LETTER TO THE EDITOR: Target more harmful emissions first

City needs emissions-reduction policies that will have a greater impact, says letter writer

The city can take more meaningful action to address emissions than advocacy for limiting natural gas connections, suggest letter writer. (Black Press file photo)

The city can take more meaningful action to address emissions than advocacy for limiting natural gas connections, suggest letter writer. (Black Press file photo)

To the editor,

Re: City action plan calls for no more new natural gas hookups in B.C., April 6.

While the City of Nanaimo’s focus on eliminating new natural gas connections makes good press, it’s like trying to empty a flooded basement with a teaspoon.

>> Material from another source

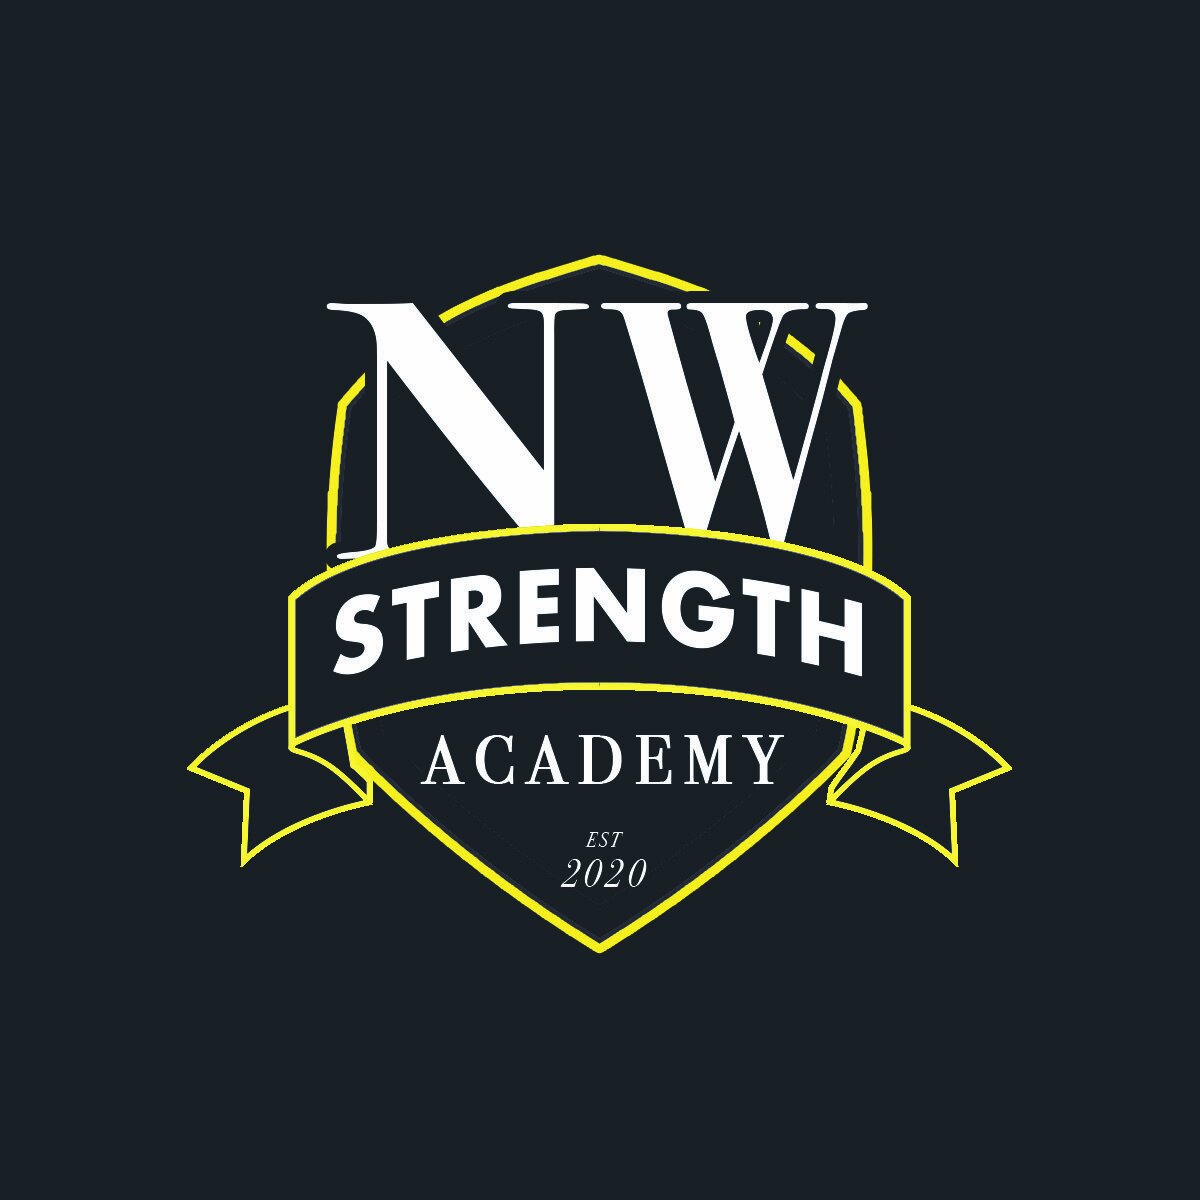 NW Strength Academy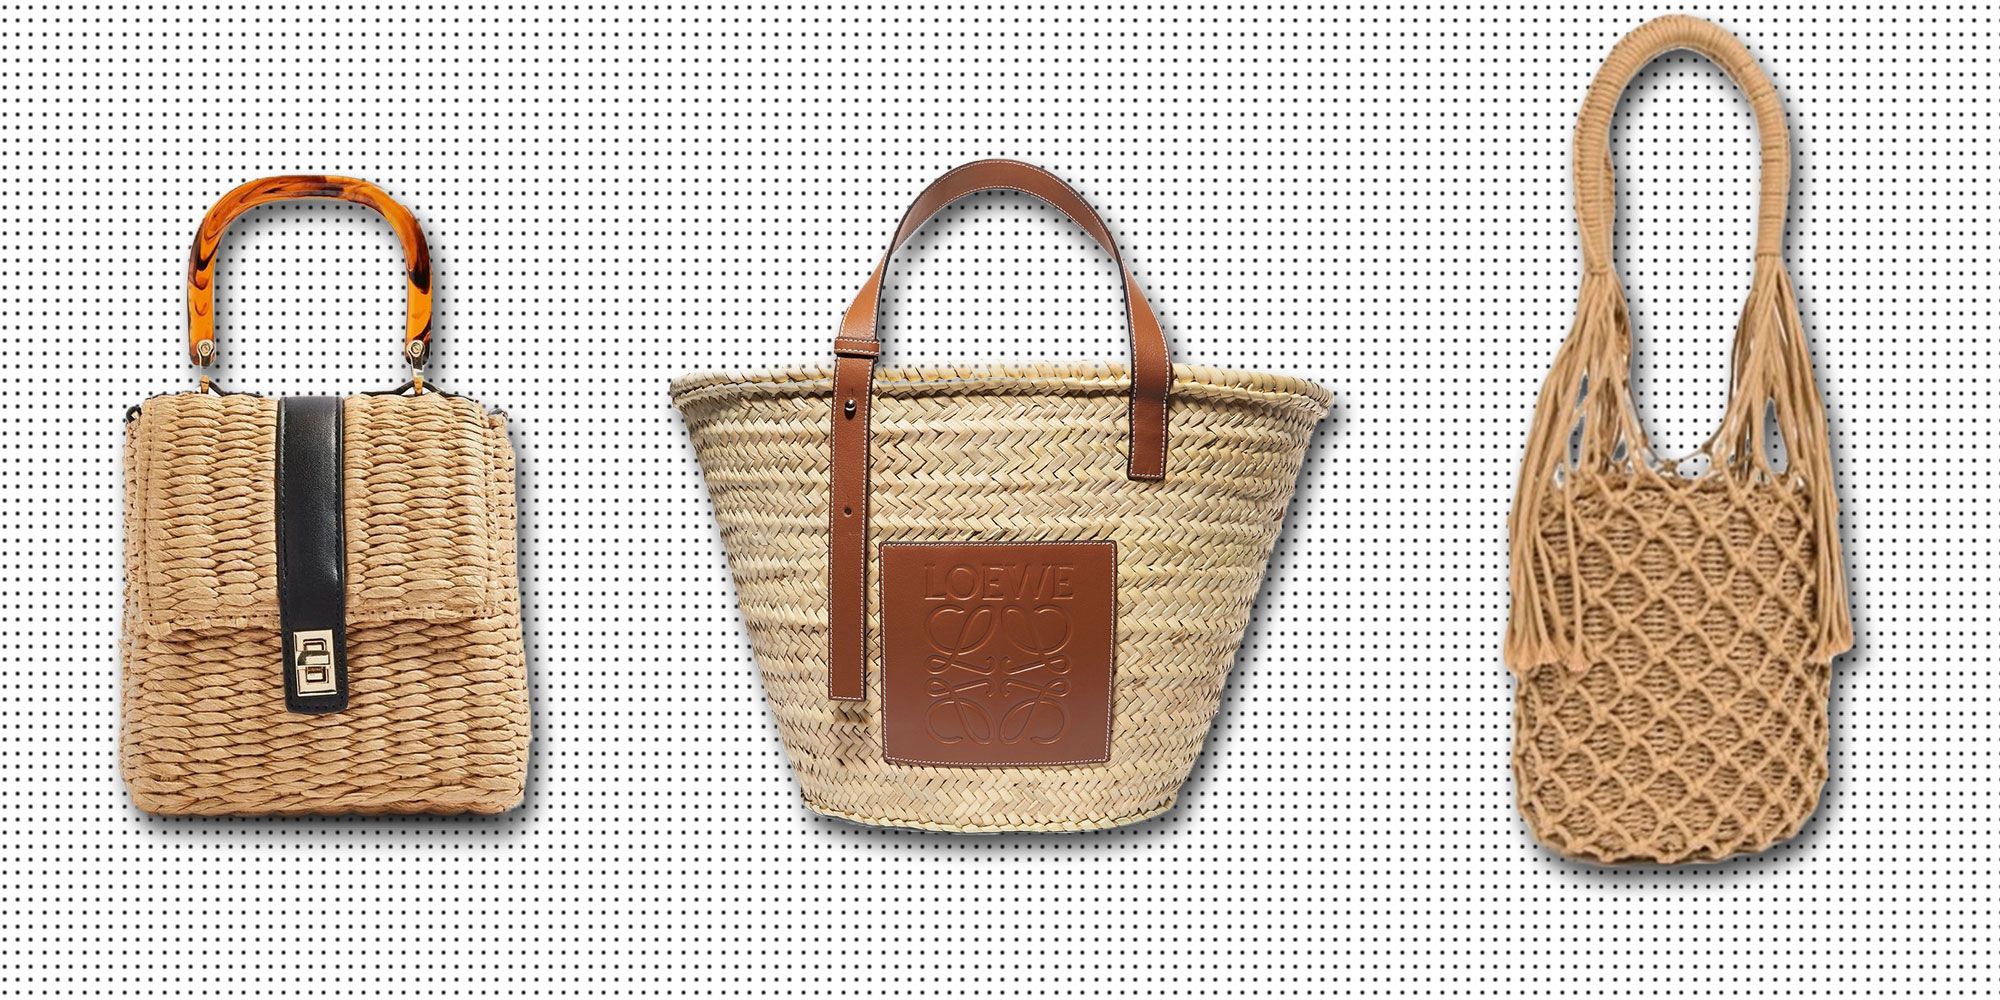 straw tote beach bag

The UN report finds “[GHG] emissions increases from rising global activity levels in industry, energy supply, transport, agriculture, and buildings.” Why is the city not focusing on the thousands of gas or diesel-powered cars and trucks (including its own fleet) that travel Nanaimo streets daily? We know that burning natural gas produces significantly less CO2 and methane than coal or oil, so why is there no talk of limiting new conventional car dealerships or gas stations?

Why does the city continue to approve large high-rises and massive neighbourhoods at the extreme ends of Nanaimo which will be dependent on even more gas or diesel-powered cars and trucks? Where is the focus on large industrial complexes and buildings that rely on fossil fuels for process, transport, and heating?

Lest we think electricity is a panacea, look at the Site C dam. How many hectares of carbon-capturing forest has already been removed and how many more will be removed once the dam is operational? And just what will fuel those gigantic electricity-producing generators anyway? Surely no one needs reminding just how fragile our electrical distribution systems are during a storm?

It’s well past time for significant action on climate change. Instead of picking on vulnerable future homeowners, the city needs to firm up its political resolve and address areas that will have a more meaningful impact. The clock is ticking.